(1) Planned initial scale: clustering, which is closely related to the data center infrastructure and configuration, advises users to start small clusters, such as 5 or 6 servers, deploy Hadoop, and then run the standard Hadoop benchmarks to understand the characteristics of their data centers at the outset of unpredictable environmental performance. Then incrementally add resources such as servers and storage as needed.
(2) Select server: CPU does not recommend less than 2 * Quad-core and activate HT (hyper-http://www.aliyun.com/zixun/aggregation/29914.html ">threading"); At least 4G of memory is configured for each compute kernel, and 6% of the memory is reserved for virtualization to run efficiently. Hadoop performance is sensitive to I/O, and it is recommended that each server be configured with more than one block of local storage instead of a small, large-capacity hard drive. Considering the cost of task scheduling, it is not recommended to configure more than 2 blocks of local storage for each compute kernel. 10G network adapters are recommended for high-performance considerations. Consider configuring dual power supplies for the primary node server (running Namenode, jobtracker) to improve reliability.
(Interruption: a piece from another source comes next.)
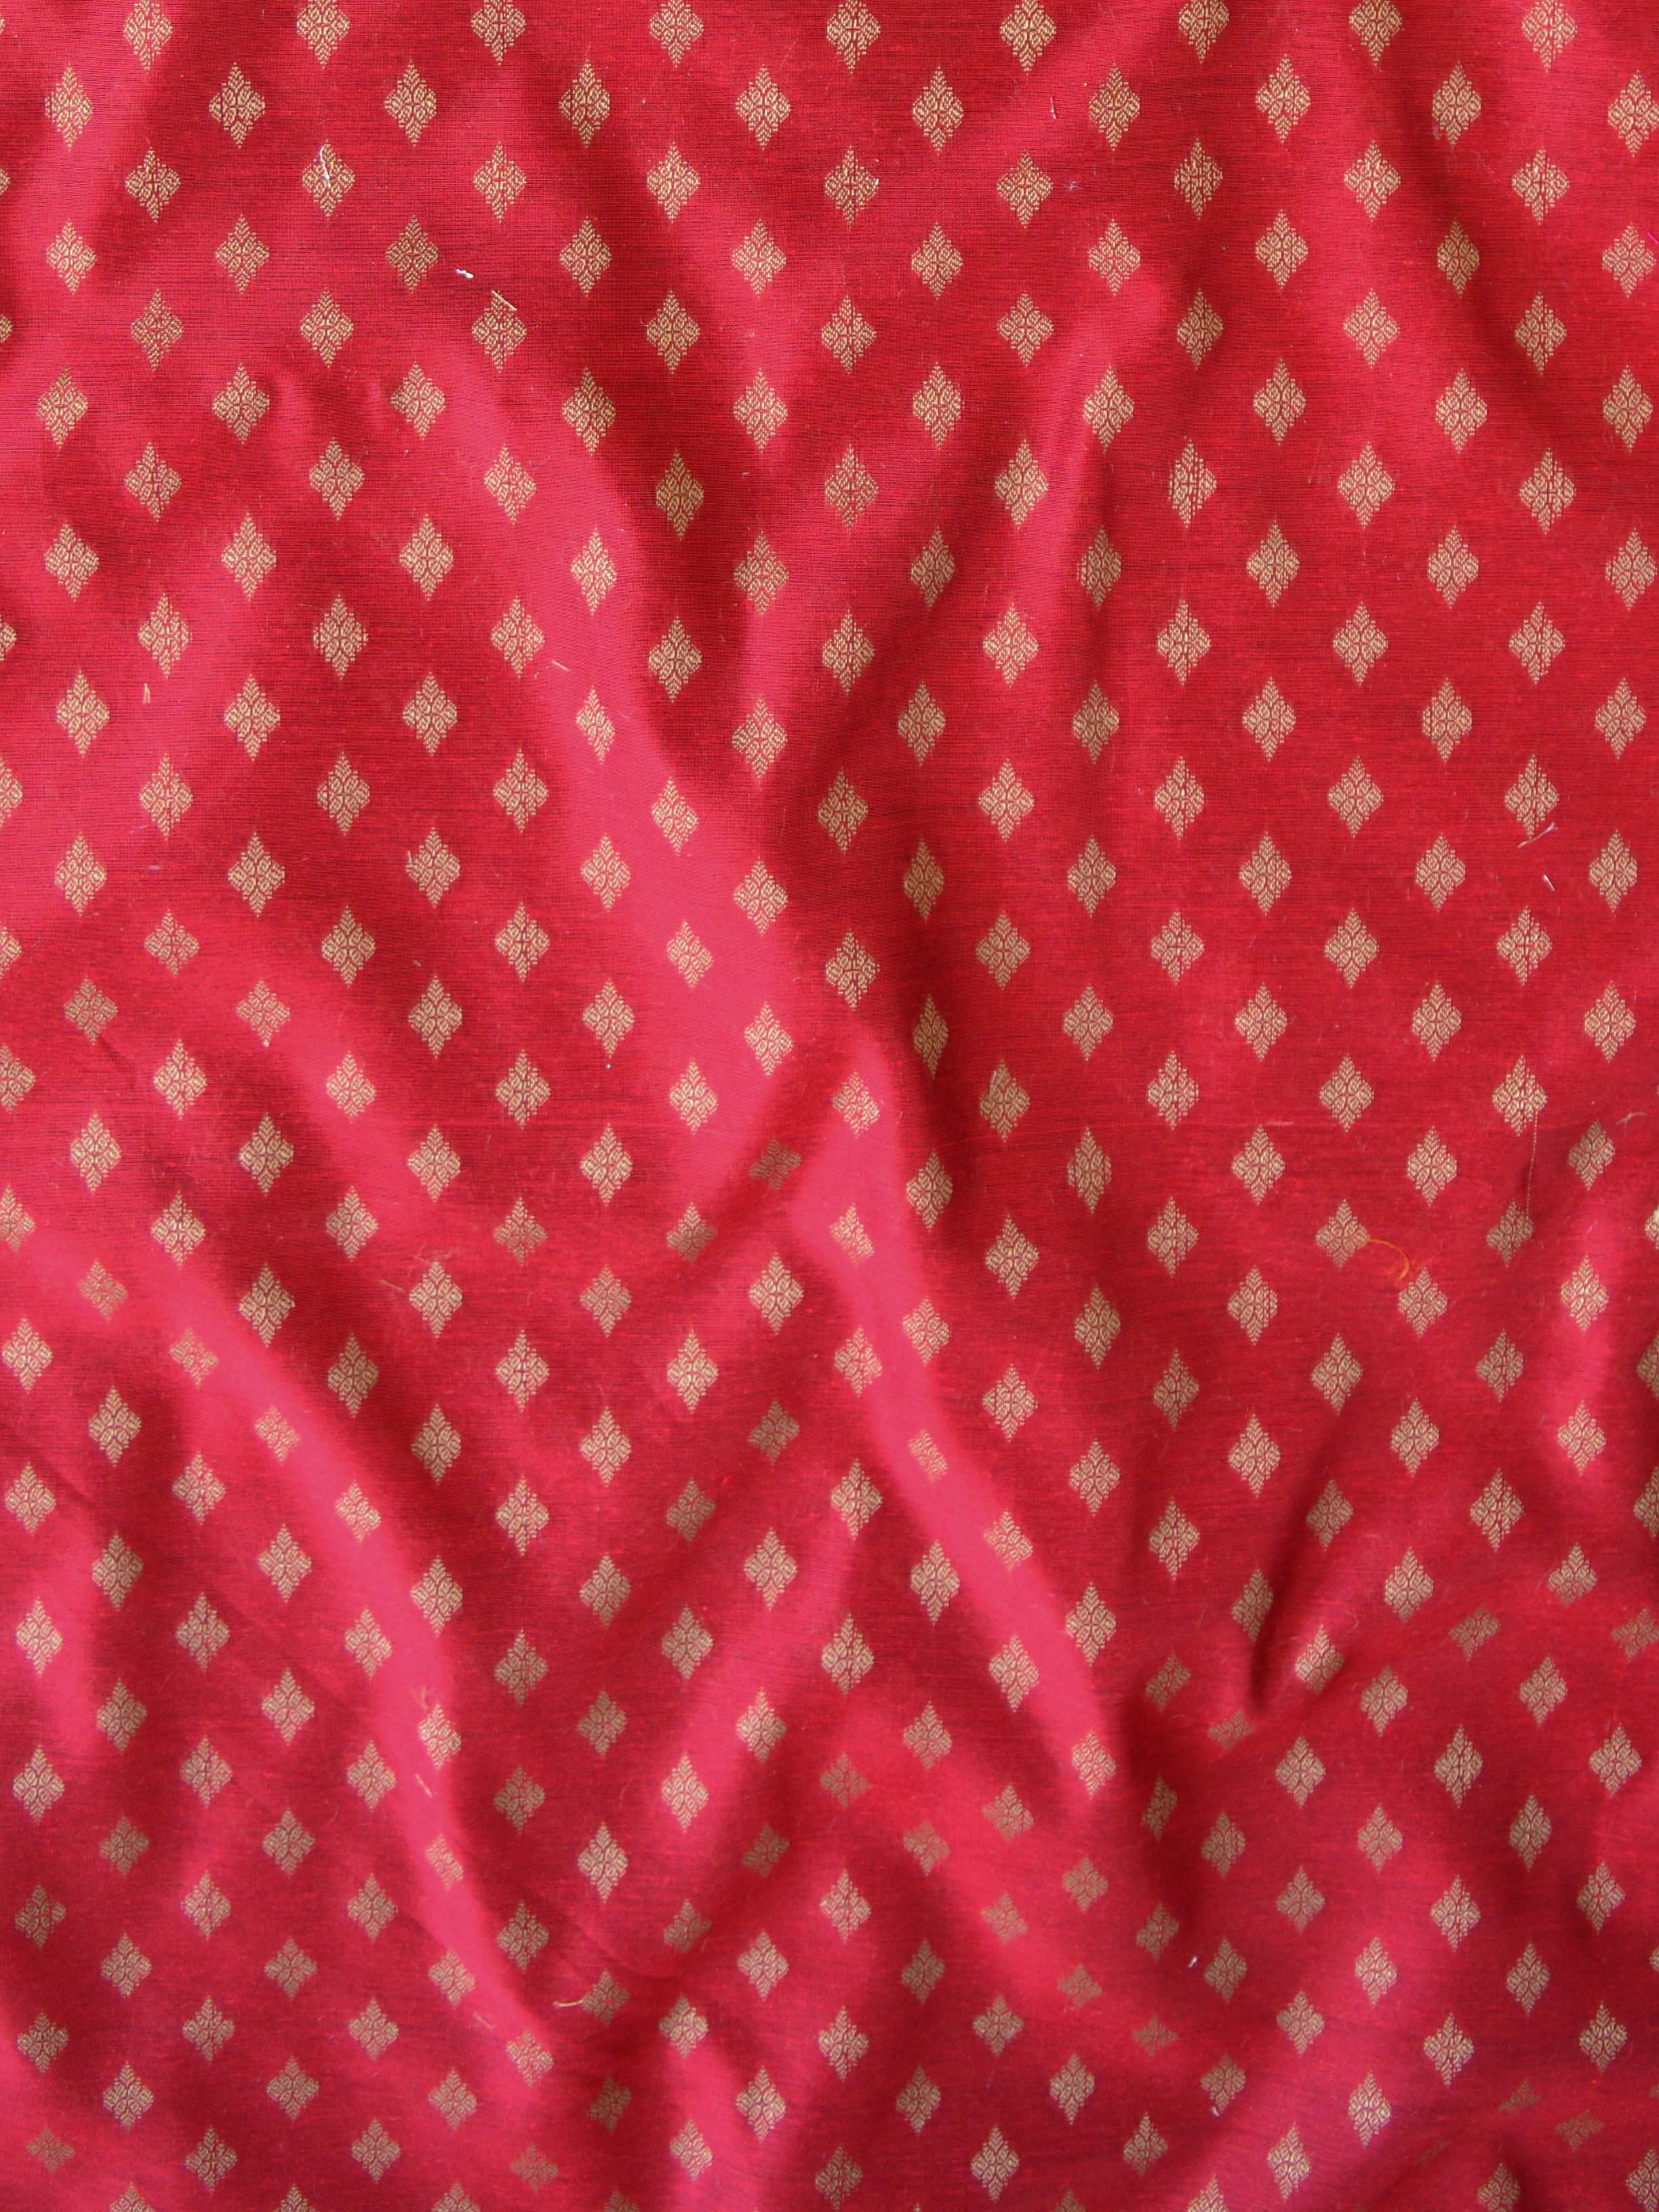 Banarasee Brocade Salwar Kameez Fabric With Organza Dupatta-Red & Black

(3) Virtualization configuration: Local storage to avoid configuration as raid, for each physical disk to create a datastore virtualized network configuration for reliability and network transmission efficiency, isolation Management Network and Hadoop cluster network. As shown in Figure 4:
Figure: Virtualized Network configuration
(4) System setup: BDE will automatically configure the virtual disk and operating system parameters obtained based on the experimental experience to mask the specific details of performance optimization. It is recommended that you replace the default template for performance-sensitive users with centos6*, because the Linux 6.* kernel THP (transparenthuge Page) and ept (Extended Pagetables,intel processors) can help virtualize performance together.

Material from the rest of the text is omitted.